The task
What is needed is an exact transcription of the listing, with the images removed.

Source material
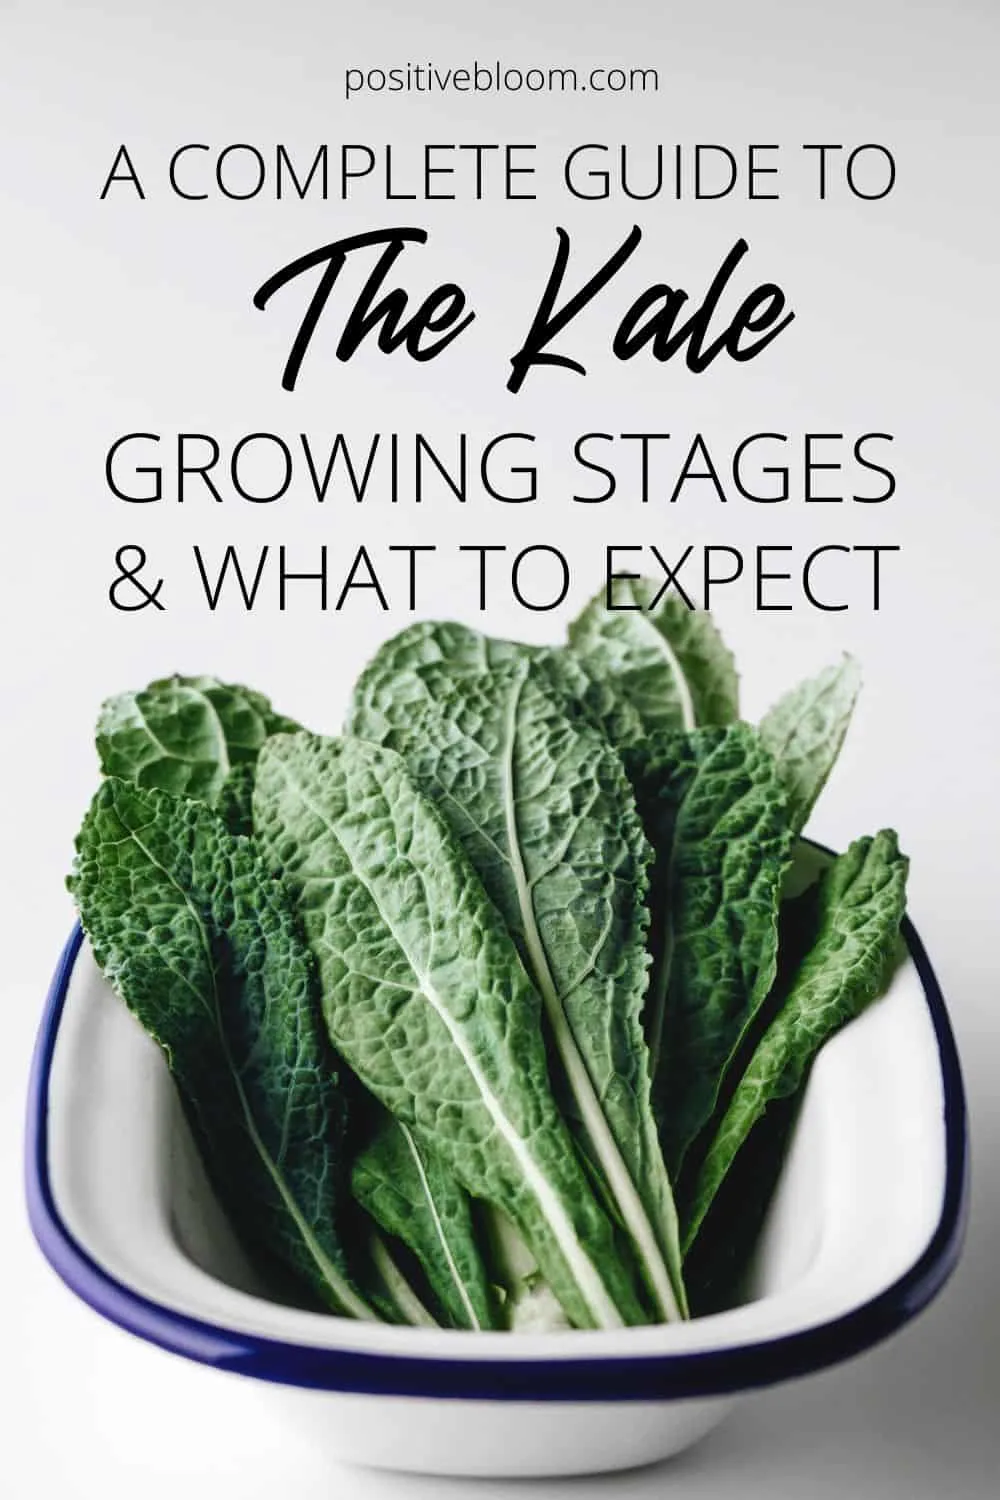 A Complete Guide To The Kale Growing Stages & What To Expect Pinterest
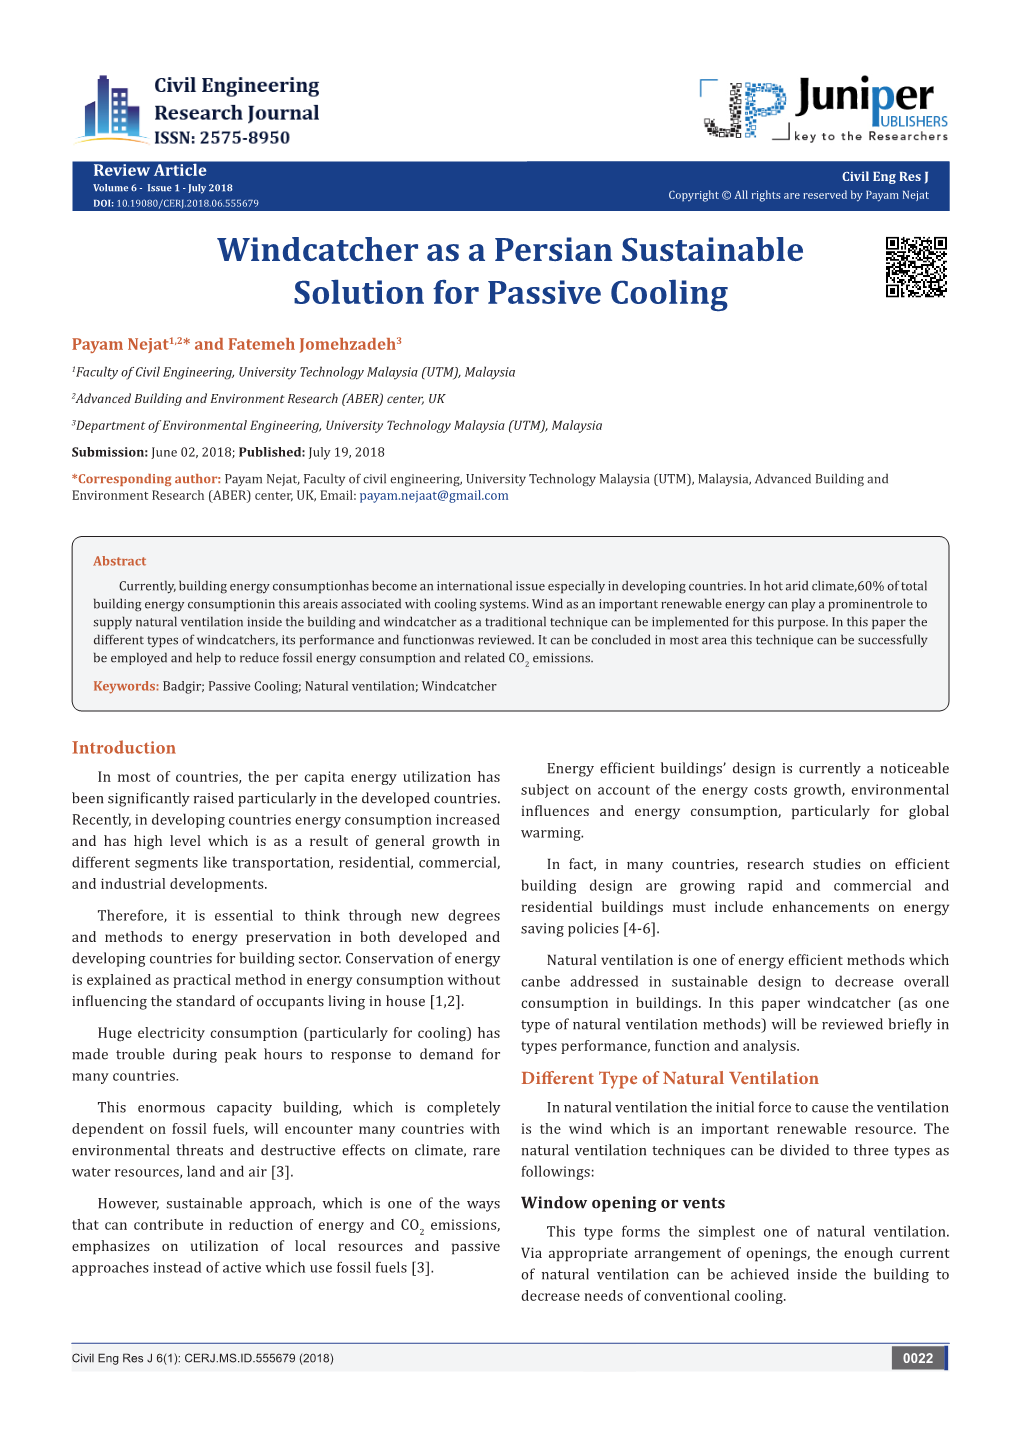 Windcatcher As a Persian Sustainable Solution for Passive Cooling
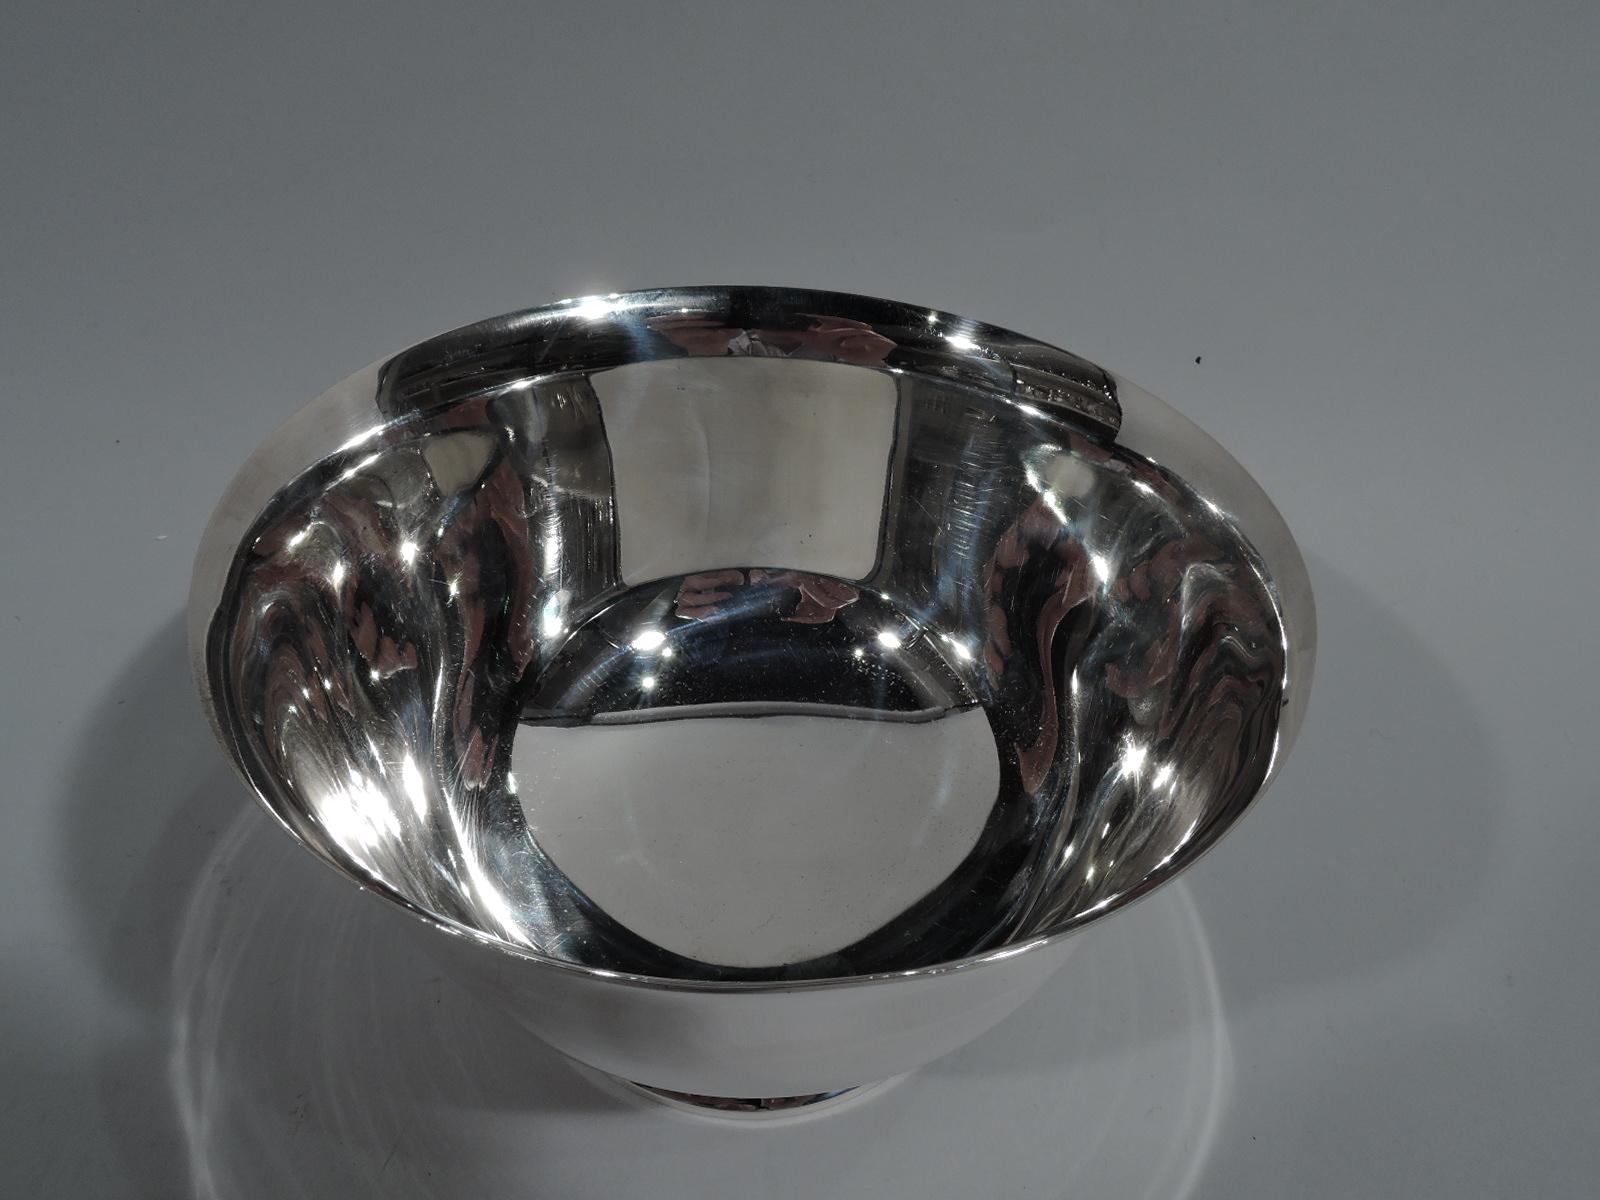 Sterling silver Revere bowl. Made by Tiffany & Co. in New York. Curved sides, flared rim, and stepped foot. A nice small version of a traditional form. Hallmark includes postwar pattern no. 23615 and director’s letter L (circa 1956-1965). Weight:

Response
 A Complete Guide To The Kale Growing Stages & What To Expect Pinterest
 Windcatcher As a Persian Sustainable Solution for Passive Cooling
 Sterling silver Revere bowl. Made by Tiffany & Co. in New York. Curved sides, flared rim, and stepped foot. A nice small version of a traditional form. Hallmark includes postwar pattern no. 23615 and director’s letter L (circa 1956-1965). Weight:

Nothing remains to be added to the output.